What we heard/saw/smelled about synesthesia
Synesthesia is that odd blending-together of senses. Those of us who don’t have it would probably pay to “taste” shapes or “hear” colors, at least temporarily. A new form of synesthesia has been discovered: “hearing-motion.” Cal Tech researchers set out to create a task in which synesthetes would have the advantage.
The researchers presented four self-professed synesthetes and 10 nonsynesthetes with 100 pairs of Morse code–like rhythmic sequences, each composed of either auditory beeps or flashes of white on a black background. The participants judged whether the two sequences in each pair were the same or different.
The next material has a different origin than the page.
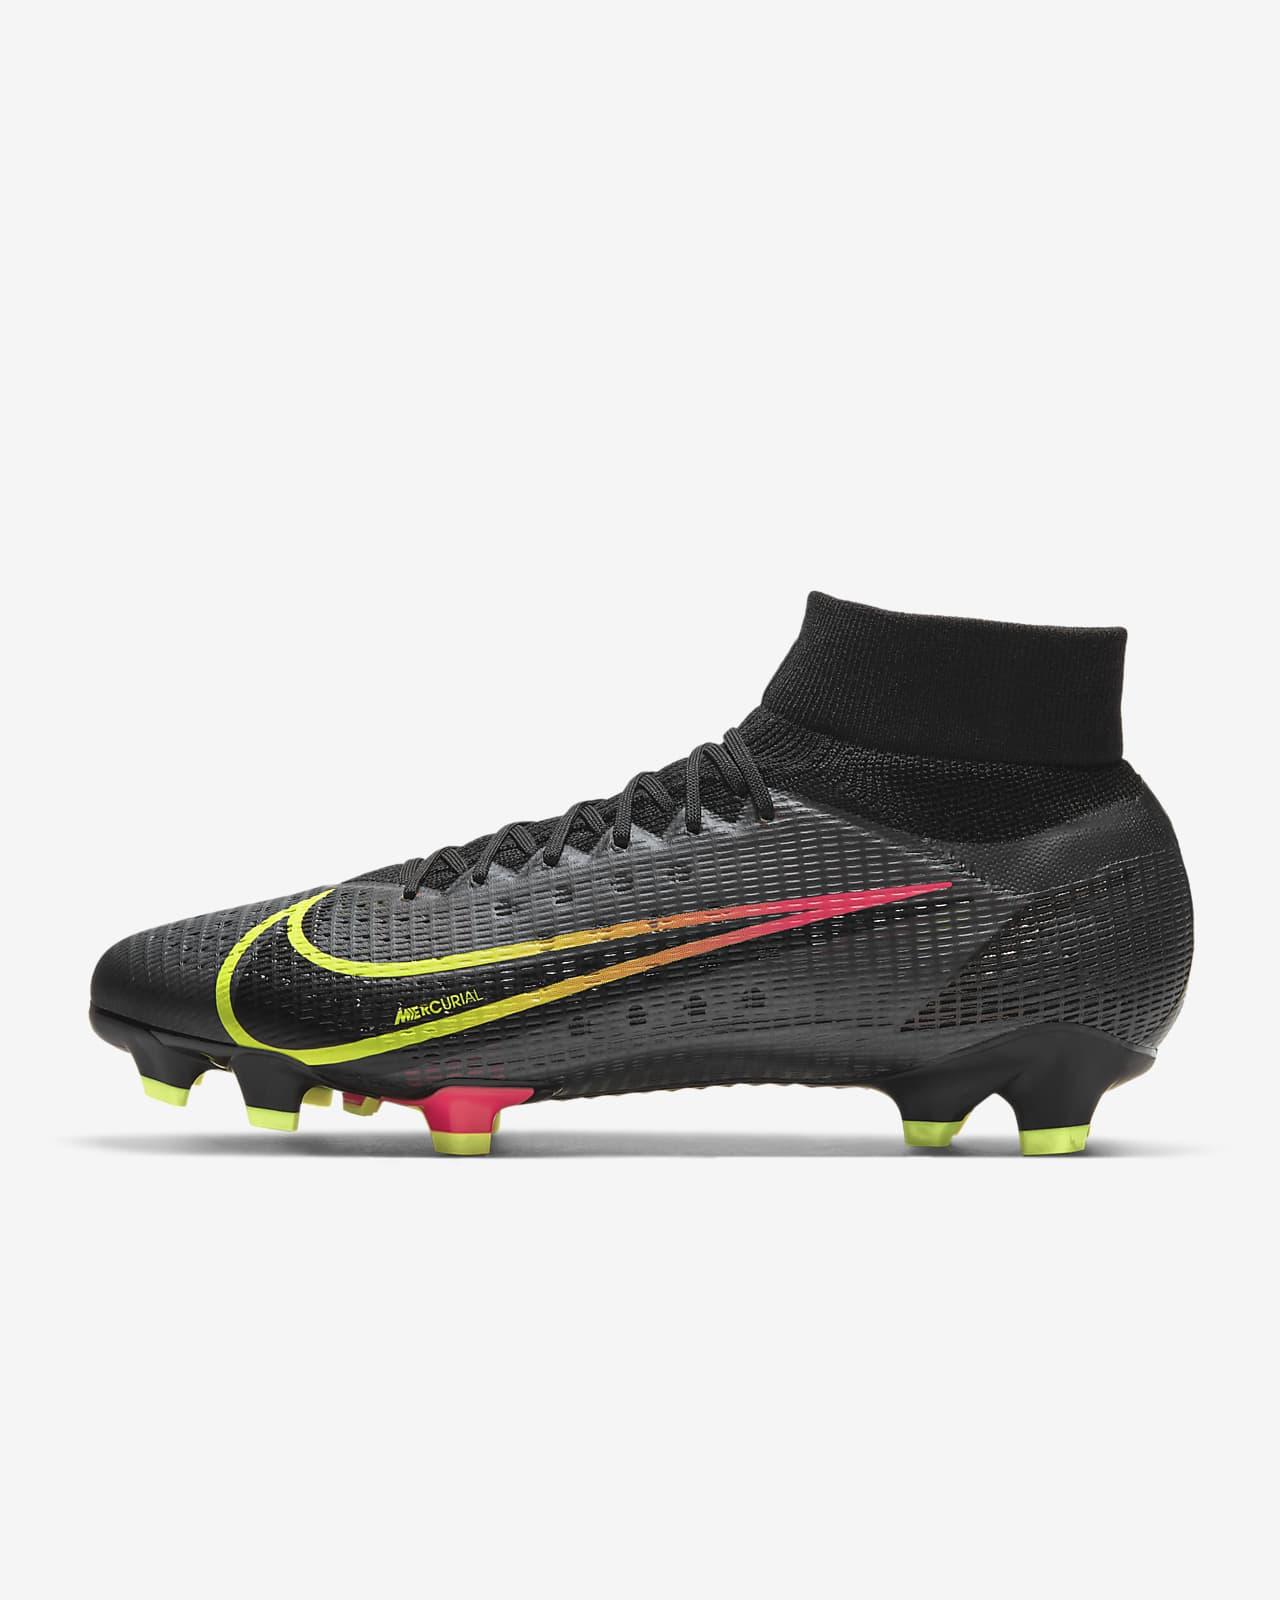 Nike Mercurial Superfly 8 Pro FG Botas de fútbol para terreno firme

Both groups judged auditory patterns accurately about 85 percent of the time, the researchers report in the August 5 issue of Current Biology. On the visual trials, nonsynesthetes’ judgments fell to nearly chance levels, a result that corroborates other research showing that most people are better at judging auditory patterns than assessing visual patterns. In contrast, synesthetes—who reported hearing sounds such as beeps or taps in time with the visual signals—distinguished matching from nonmatching rhythms 75 percent of the time.
The writer’s assignment is to invent a job in which synesthesia would be a requirement.
[Story: Scientific American; image: Charkrem]
Tags: brain • neurology • senses








August 5th, 2008 at 7:12 pm
My goodness, I thought this was a phenomenon only associated with some mental disorders. Color me enlightened. Thanks for this post!
August 6th, 2008 at 8:35 am
Glad you liked it, Heather. It does seem to be associated with the arts, for whatever that’s worth. Nabokov talked about experiencing it, and he seemed to like it.